In anticipation of the opportunities I'll have this year both to think about digital humanities and to work to foster digital humanities on Vanderbilt's campus, I thought it might be helpful for me to lay out a few of my current questions. Perhaps this will turn into something of a framework for my year, and perhaps it will simply be a thought exercise and launching pad for other ideas...either way, here goes:
My current set of questions (as of September 2013) about scholarship in the digital humanities:
- What are the best strategies for spreading the word about digital projects? I'm constantly discovering new digital projects that interest me and that might be of use to my scholarship in early modern English religious history. I know this is true for scholars in other fields, as well. How can I--as both a user and a developer of digital projects in the humanities--effectively help students and scholars locate and use the many fantastic resources that are available?
- How can users most effectively incorporate what we gain from digital projects to our own research? It is easy to see how certain resources, such as digital archives, can contribute to a variety of scholars' different research questions. For instance, in my work I've made great use of Early English Books Online and the Clergy of the Church of England Database. Yet what about projects that don't have such a close resemblance to traditional archives? For example, I am fascinated by, and have learned much from the excellent Virtual Paul's Cross Project, but I have not yet quite found a way to incorporate the aspects of its more experiential format into my research and writing. I'm working on it!
- How can developers of digital projects plan for and foster the use of their tools in a variety of ways? This is sort of a corollary to the preceding question. In addition to scholars working to imagine ways that various digital tools can enhance their work, how can developers plan, from the beginning of a project, to provide tools that can be of use to a variety of scholarly questions and approaches?
- What about social media? For all my enthusiasm and interest in digital projects (I use digital humanities resources on a daily basis, have some programming background, have worked to enhance or construct several web sites, and am currently learning GIS) I am not--yet--a big user of social media. HASTAC has prompted me to begin blogging and tweeting, so I'm looking forward to learning more about how this aspect of digital communications can foster collegiality, scholarship, and teaching.
- What is the current state of the field of digital humanities? Together with Mona Frederick, my HASTAC mentor from the Robert Penn Warren Center, I will be reading through Debates in the Digital Humanities edited by Matthew K. Gold (University of Minnesota Press, 2012). I look forward to reading, discussing, and blogging about the issues raised in this volume by several key scholars in the digital humanities.

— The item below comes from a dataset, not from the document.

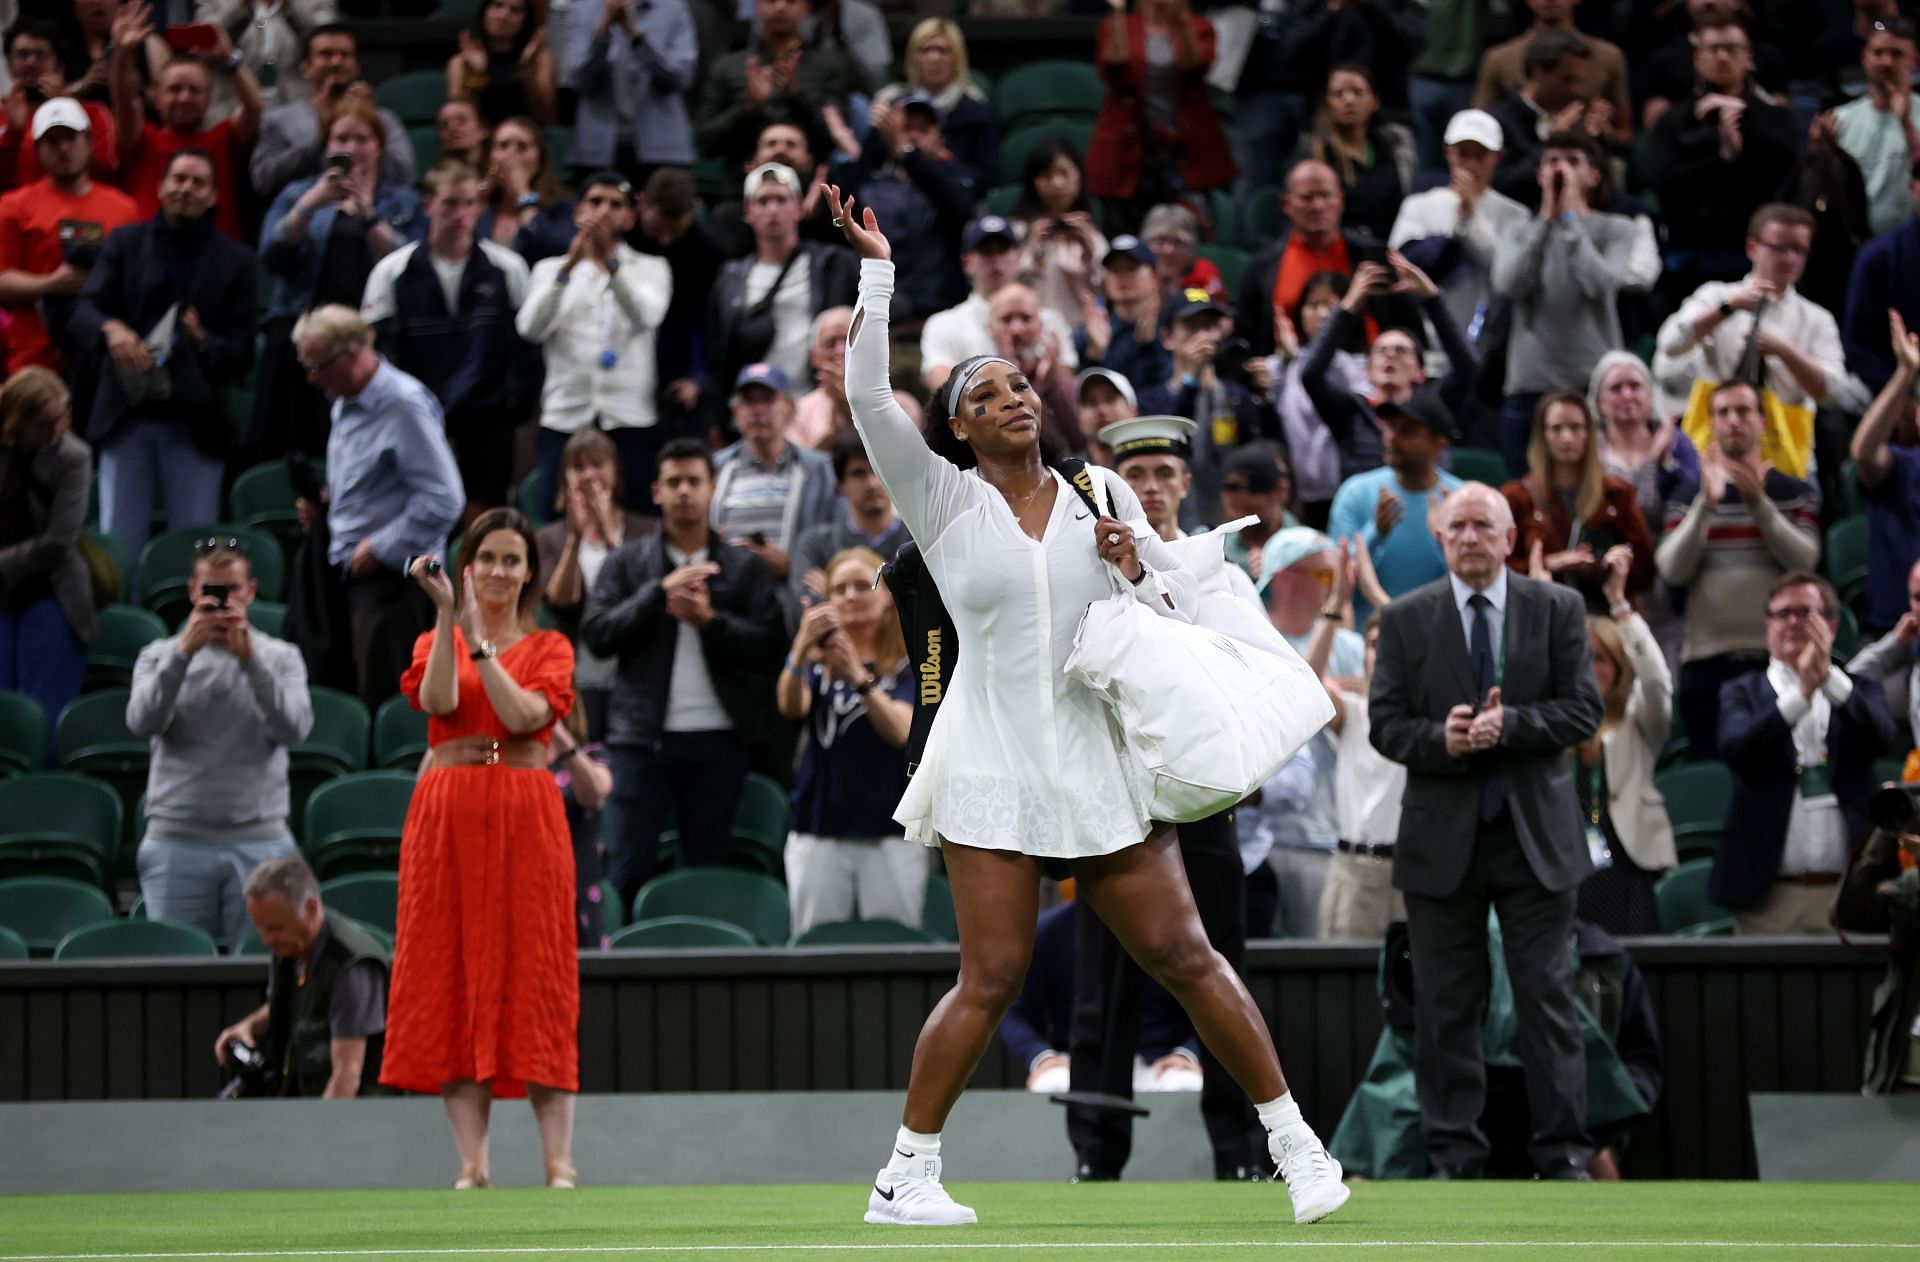 Serena Williams greets the crowd. Photo by Clive Brunskill/Getty Images

- How do I make a GIS map? The above questions are largely theoretical; this one is eminently practical. Over the course of the year, I have the opportunity to work to enhance the Robert Penn Warren Center's digital archive, Who Speaks for the Negro? As I learn to use the new-to-me technology of GIS, I will be developing an interactive map that will appear on the site. I'm really looking forward to being part of this project!
This is, of course, not an exhaustive list--but it is a start. I'm eager to see what the year holds and how I will develop my thinking and abilities in each of these areas over the coming months...and beyond.